該算法會傾向於大眾商品和具有很多說明信息的商品。對於新商品或客戶有cold start問題。
在實際生產當中,一般會預先計算所有用戶的推薦,然後存到NoSQL來實現實時推薦,但這很浪費存儲空間(大部分人在當天不一定需要推薦)。而單獨計算需要幾秒鐘的時間。Oryx 2 可能是一個解決方法。
將一些數值轉化為Integer或者Int更有效率。
參數:
rank:latent factors數量,默認10
alpha:implicit feedback時,被觀察和未被觀察的互動的相對比重,越高說明越看重已記錄的,默認1,40也是個不錯的選擇
regParam:默認0.1
implicitPrefs:boolean,是否implicit,默認true
nonnegative:默認false,non-negative constraints on the least-squares problem
numUserBlocks:默認10
numItemBlocks:默認10
maxIter:默認10
checkpointInterval
seed
coldStartStrategy:設定模型如何預測新客戶或商品(訓練時沒見過的),只可選drop
and nan
。
blocks一般是one to five million ratings per block,如果少於這個數,更多的block也不會提升效率
val ratings = spark.read.textFile("/data/sample_movielens_ratings.txt")
.selectExpr("split(value , ‘::‘) as col")
.selectExpr(
"cast(col[0] as int) as userId",
"cast(col[1] as int) as movieId",
"cast(col[2] as float) as rating",
"cast(col[3] as long) as timestamp")
val Array(training, test) = ratings.randomSplit(Array(0.8, 0.2))
val als = new ALS()
.setMaxIter(5)
.setRegParam(0.01)
.setUserCol("userId")
.setItemCol("movieId")
.setRatingCol("rating")
println(als.explainParams())
val alsModel = als.fit(training)
val predictions = alsModel.transform(test)
//結果,查看排名前十的
alsModel.recommendForAllUsers(10)
.selectExpr("userId", "explode(recommendations)").show()

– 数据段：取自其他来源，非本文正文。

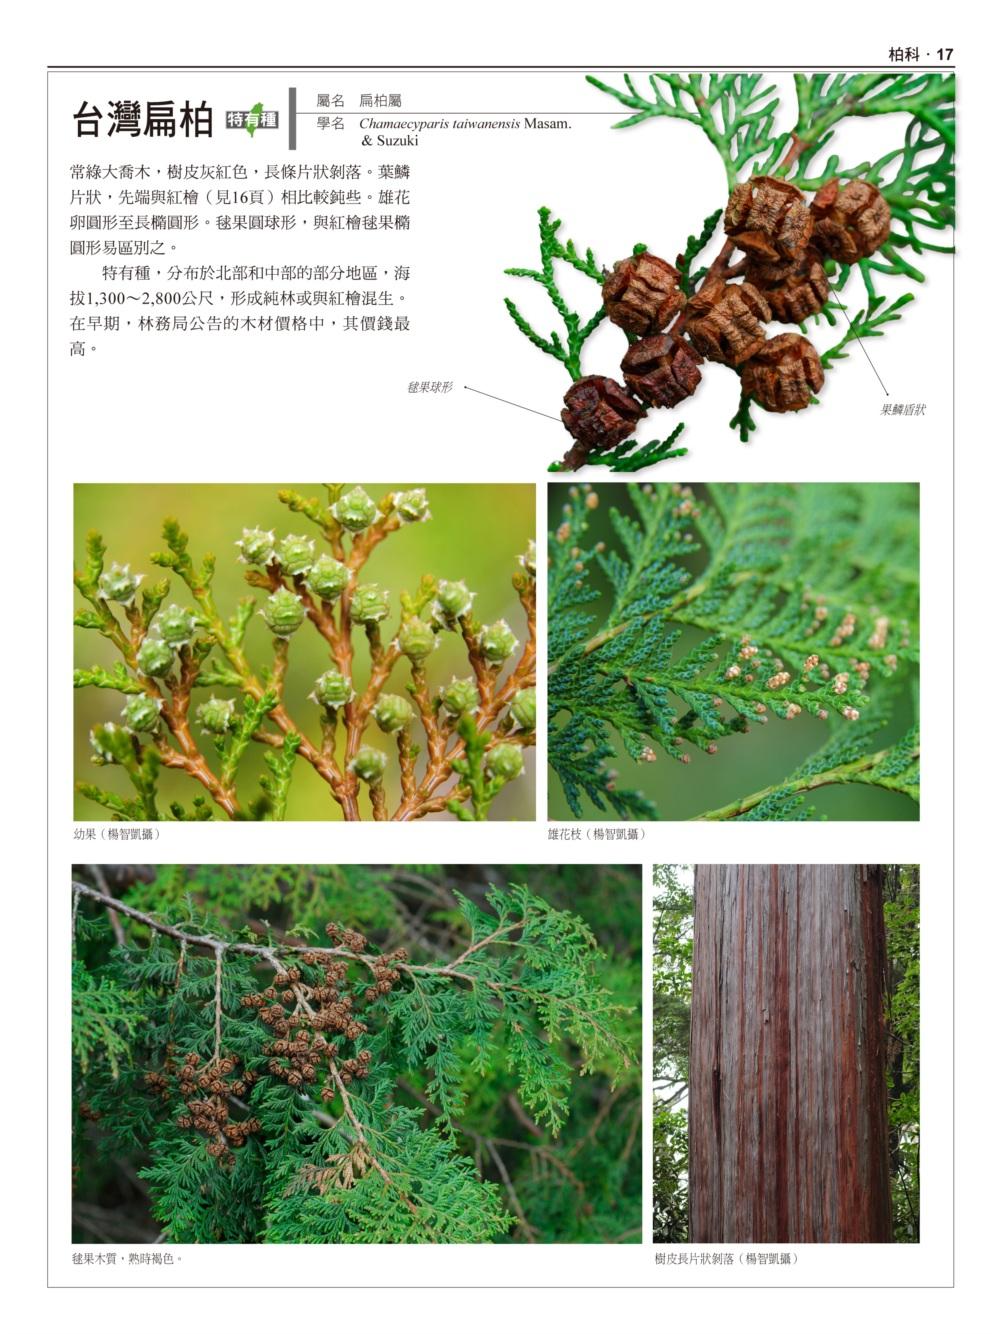 //im2.book.com.tw/image/getImage?i=http://www.books.com.tw/img/001/074/50/0010745089_b_11.jpg&v=5957227d&w=655&h=609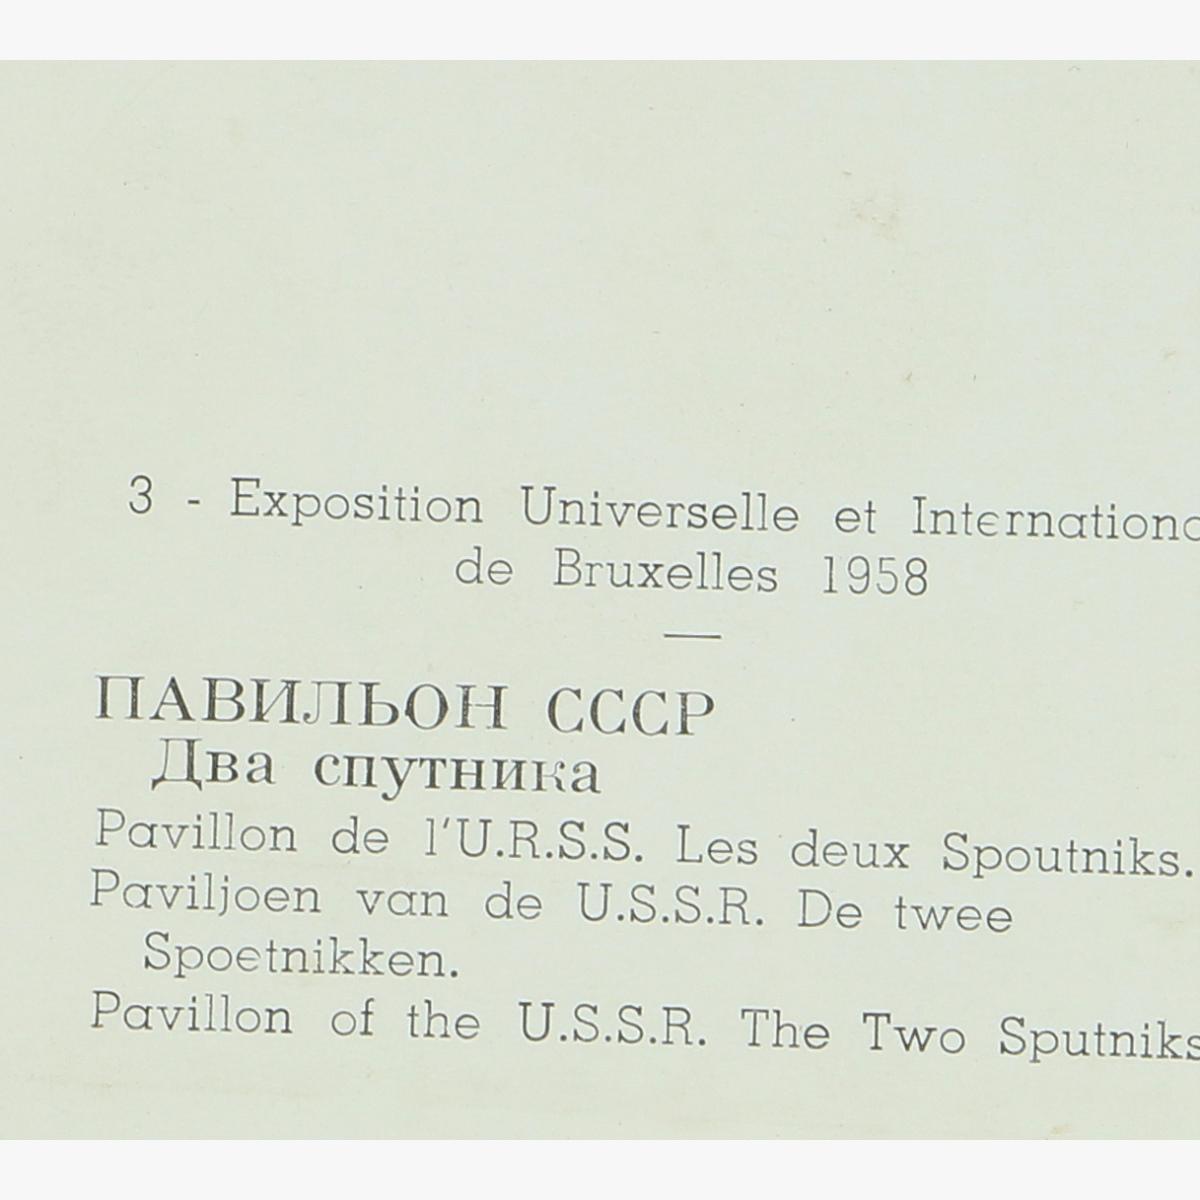 Afbeeldingen van expo 58 postkaart paviljoen van u.s.s.r. de twee spoetnikken

alsModel.recommendForAllItems(10)
.selectExpr("movieId", "explode(recommendations)").show()
//評估,先將cold-start strategy設為drop
val evaluator = new RegressionEvaluator()
.setMetricName("rmse")
.setLabelCol("rating")
.setPredictionCol("prediction")
val rmse = evaluator.evaluate(predictions)
println(s"Root-mean-square error = $rmse")
//Regression Metrics
val regComparison = predictions.select("rating", "prediction")
.rdd.map(x => (x.getFloat(0).toDouble,x.getFloat(1).toDouble))
val metrics = new RegressionMetrics(regComparison)
metrics.rootMeanSquaredError//和上面Root-mean-square error一樣
//Ranking Metrics,下面評估不關註值,而是ALS是否會推薦某個值以上的商品
//下面將rating大於2.5的定為好的商品
val perUserActual = predictions
.where("rating > 2.5")
.groupBy("userId")
.agg(expr("collect_set(movieId) as movies"))
//下面提取ALS推薦的商品
val perUserPredictions = predictions
.orderBy(col("userId"), col("prediction").desc)
.groupBy("userId")
.agg(expr("collect_list(movieId) as movies"))
//合並上面兩個數據,並截取推薦中的前15個
val perUserActualvPred = perUserActual.join(perUserPredictions, Seq("userId"))
.map(row => (
row(1).asInstanceOf[Seq[Integer]].toArray,
row(2).asInstanceOf[Seq[Integer]].toArray.take(15)
))
//判斷推薦的平均正確率
val ranks = new RankingMetrics(perUserActualvPred.rdd)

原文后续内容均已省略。